_DIRECTIONS_:
An exact copy is the goal: every line from the one containing "Скатерть однотонная Sc?nario" to the end of the material below, pictures excluded.

_PROVIDED DATA_:
****************

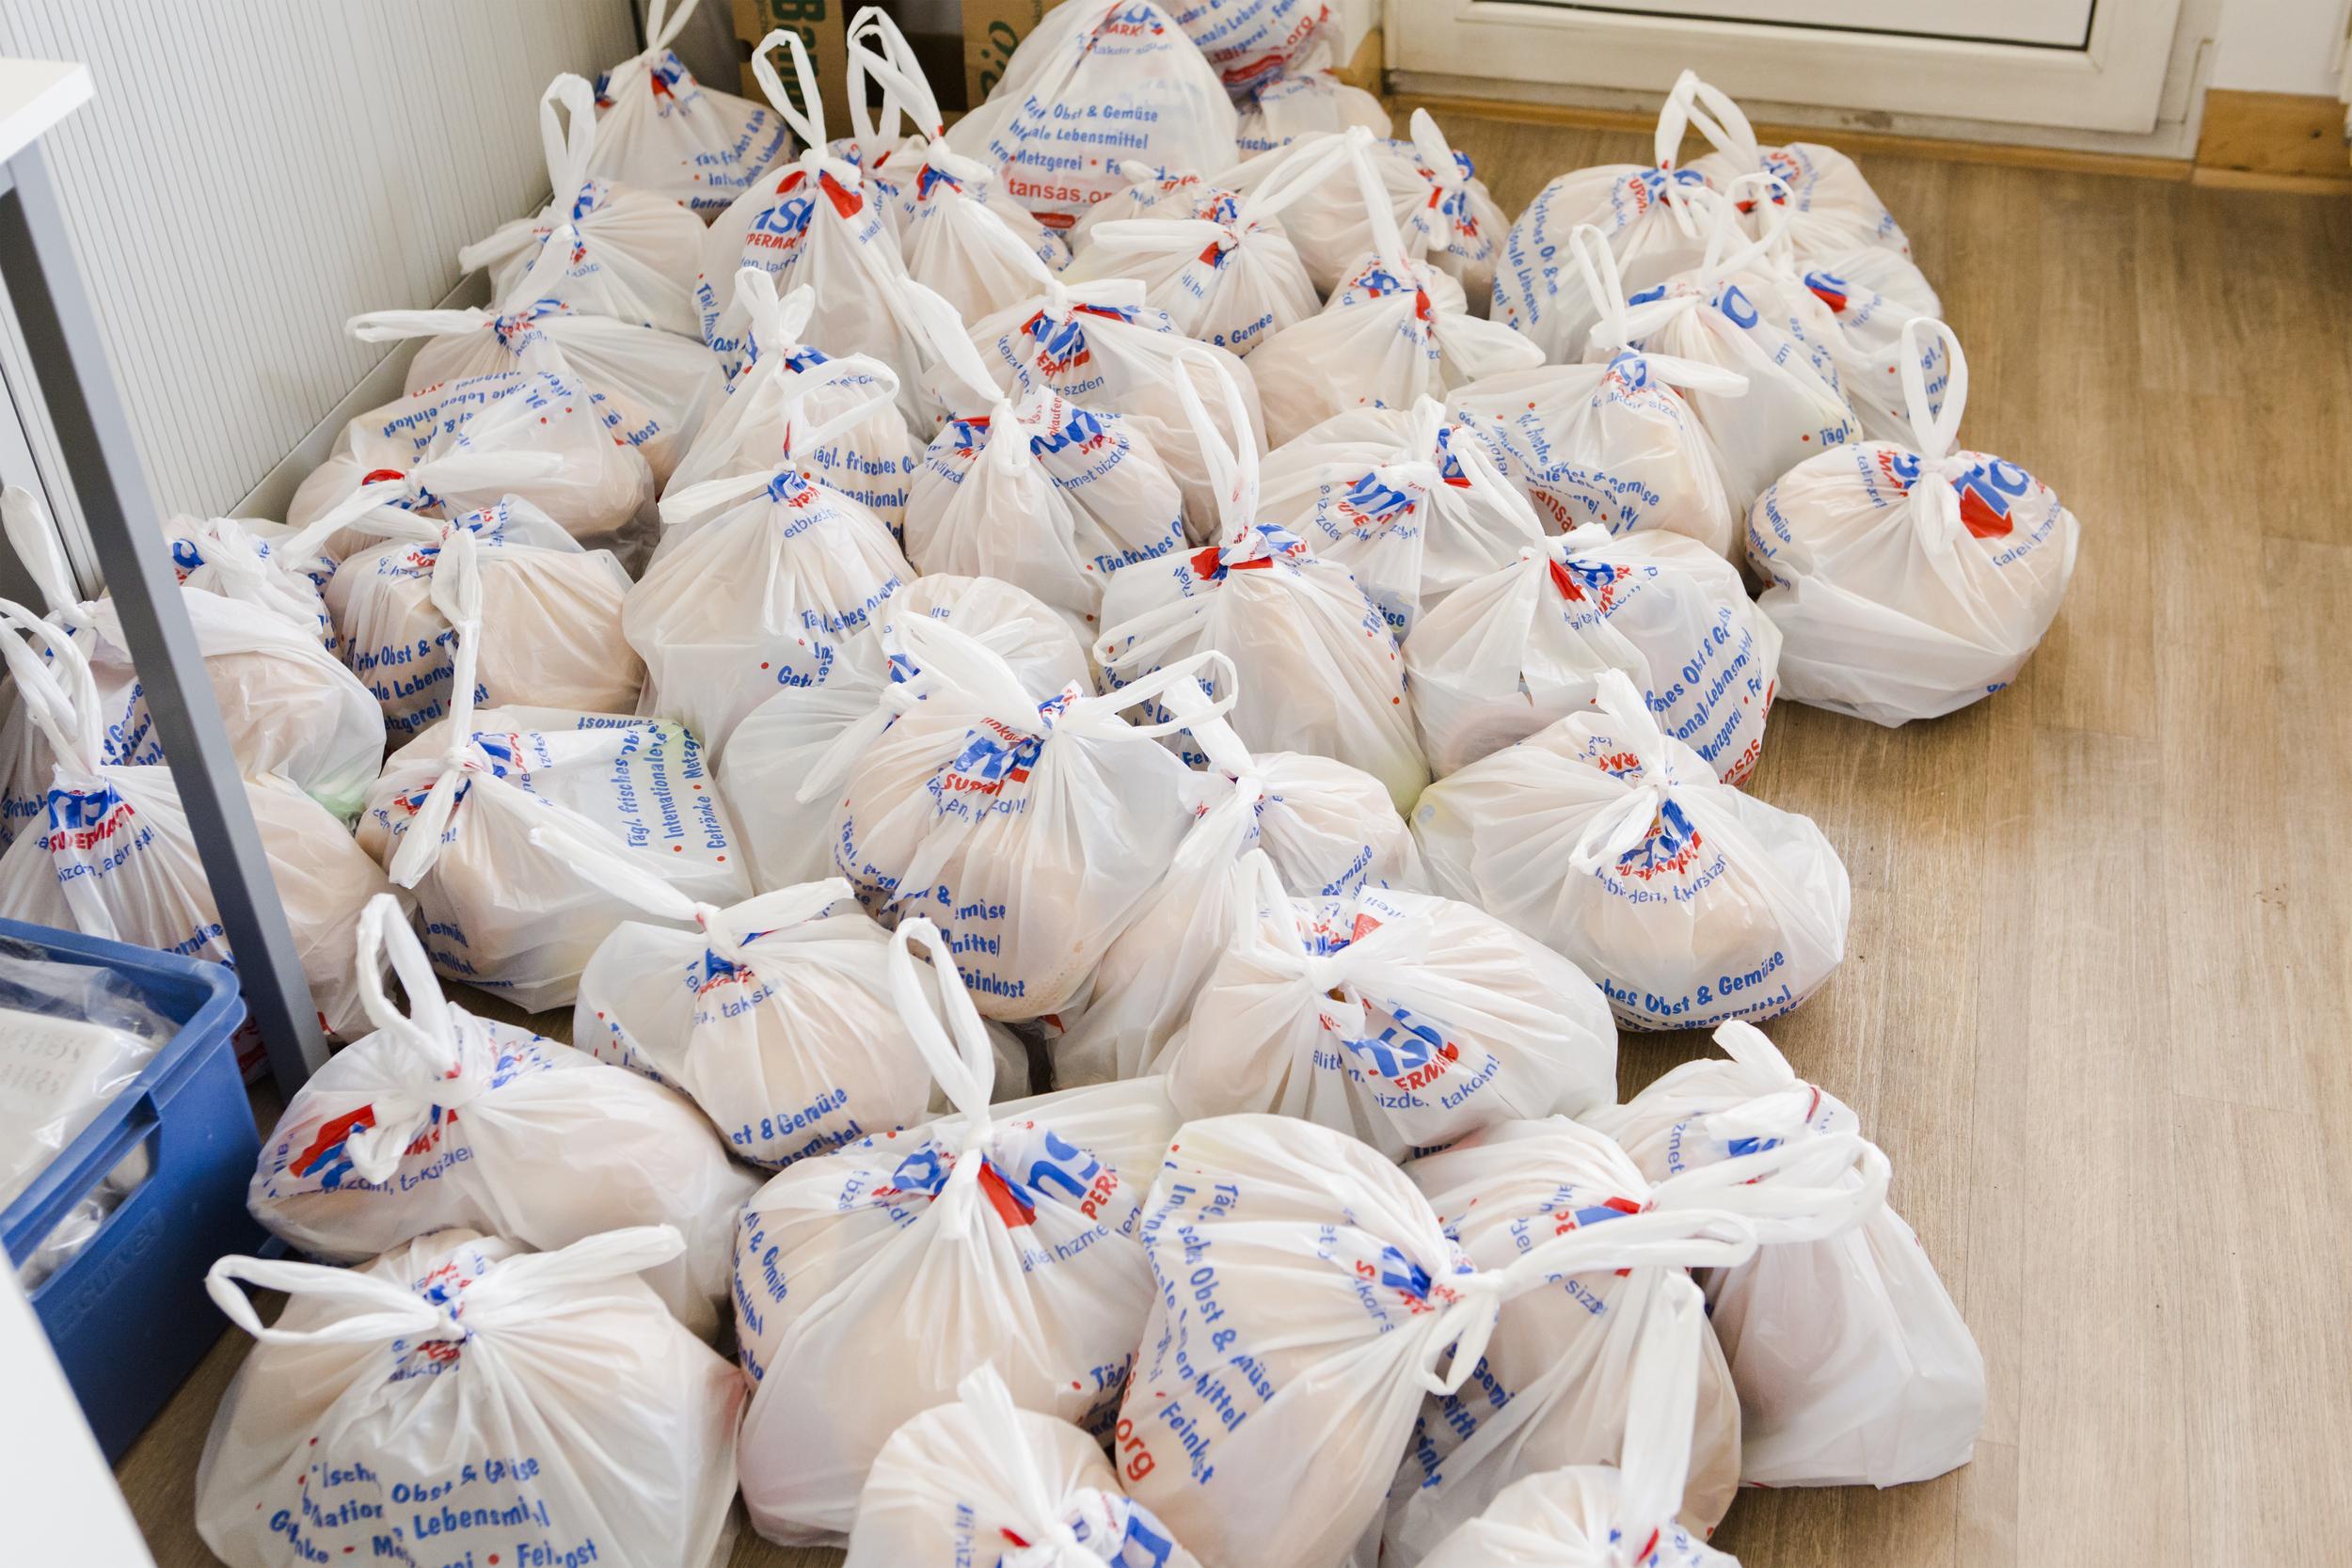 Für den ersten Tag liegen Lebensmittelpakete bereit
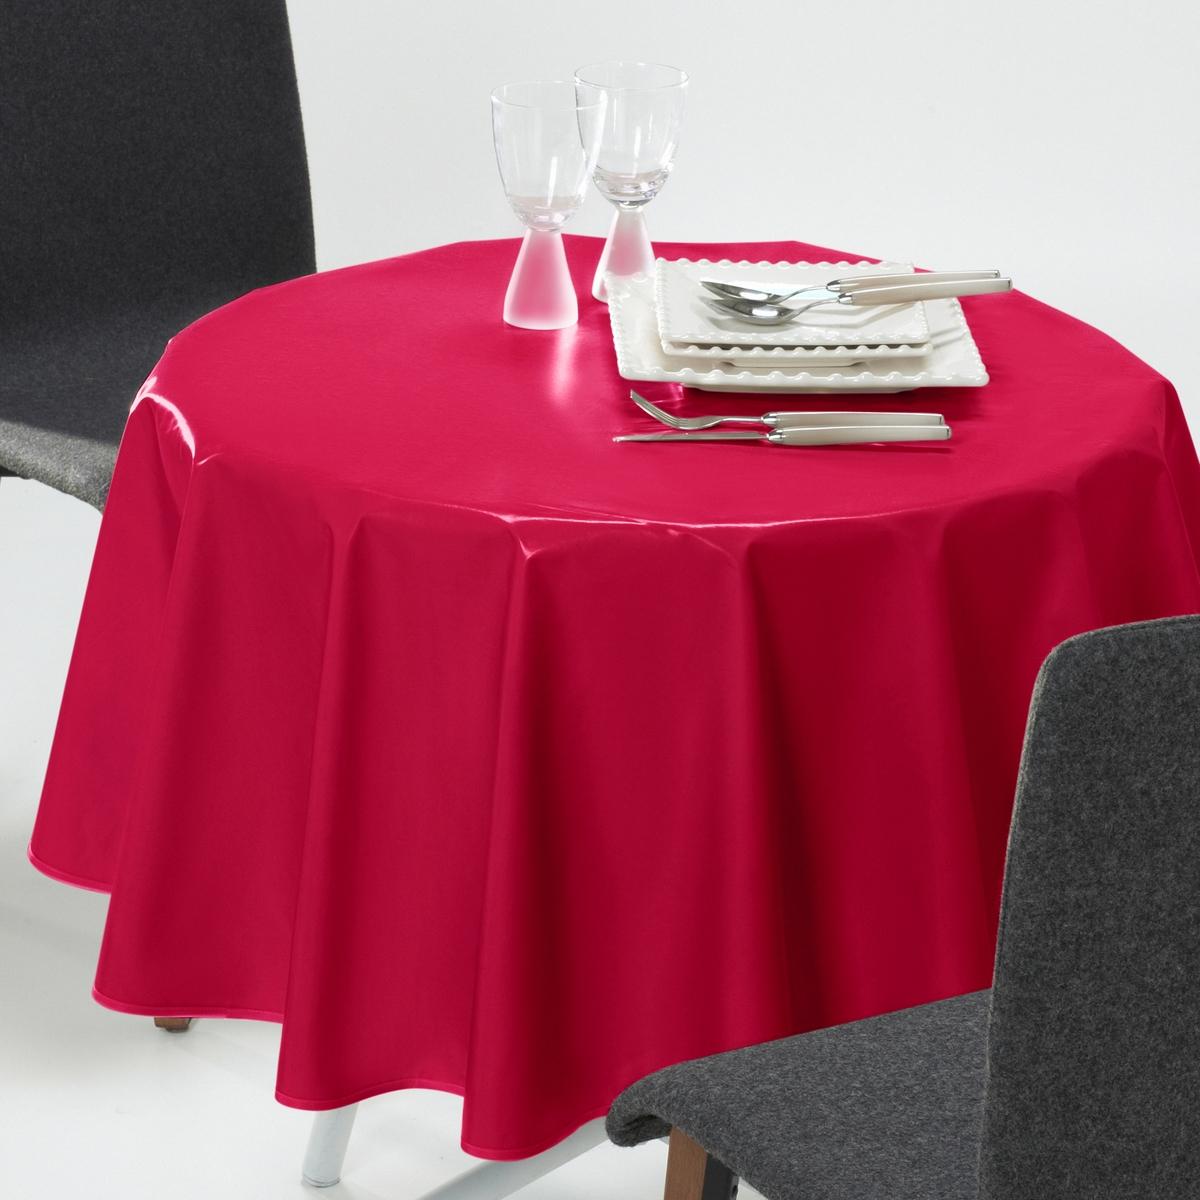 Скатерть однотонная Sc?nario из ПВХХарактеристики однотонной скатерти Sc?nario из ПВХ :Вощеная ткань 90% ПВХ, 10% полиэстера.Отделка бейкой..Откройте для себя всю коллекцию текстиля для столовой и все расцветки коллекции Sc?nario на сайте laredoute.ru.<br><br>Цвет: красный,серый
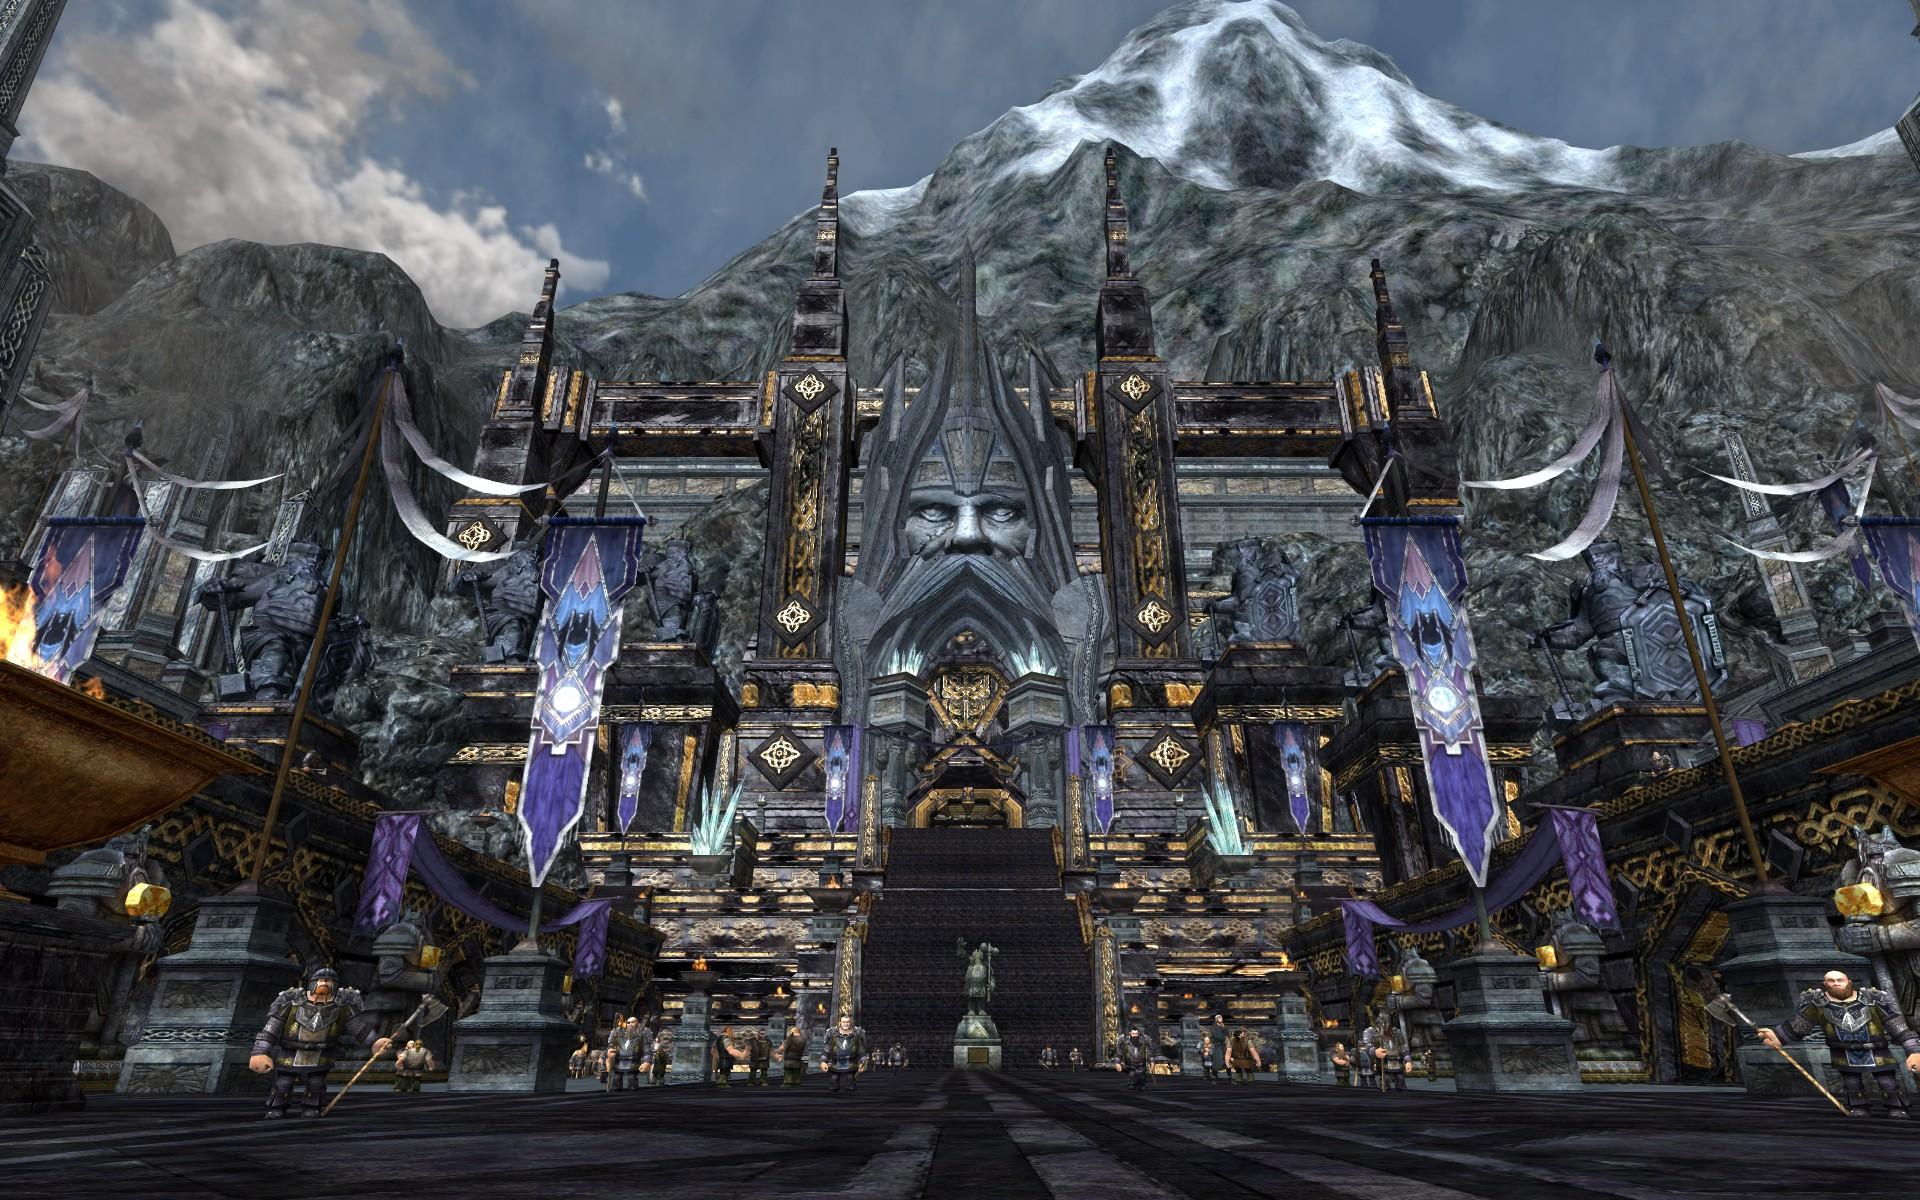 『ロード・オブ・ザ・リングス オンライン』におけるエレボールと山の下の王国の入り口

****************

_WRITTEN ANSWER_:
 Скатерть однотонная Sc?nario из ПВХХарактеристики однотонной скатерти Sc?nario из ПВХ :Вощеная ткань 90% ПВХ, 10% полиэстера.Отделка бейкой..Откройте для себя всю коллекцию текстиля для столовой и все расцветки коллекции Sc?nario на сайте laredoute.ru.<br><br>Цвет: красный,серый
 『ロード・オブ・ザ・リングス オンライン』におけるエレボールと山の下の王国の入り口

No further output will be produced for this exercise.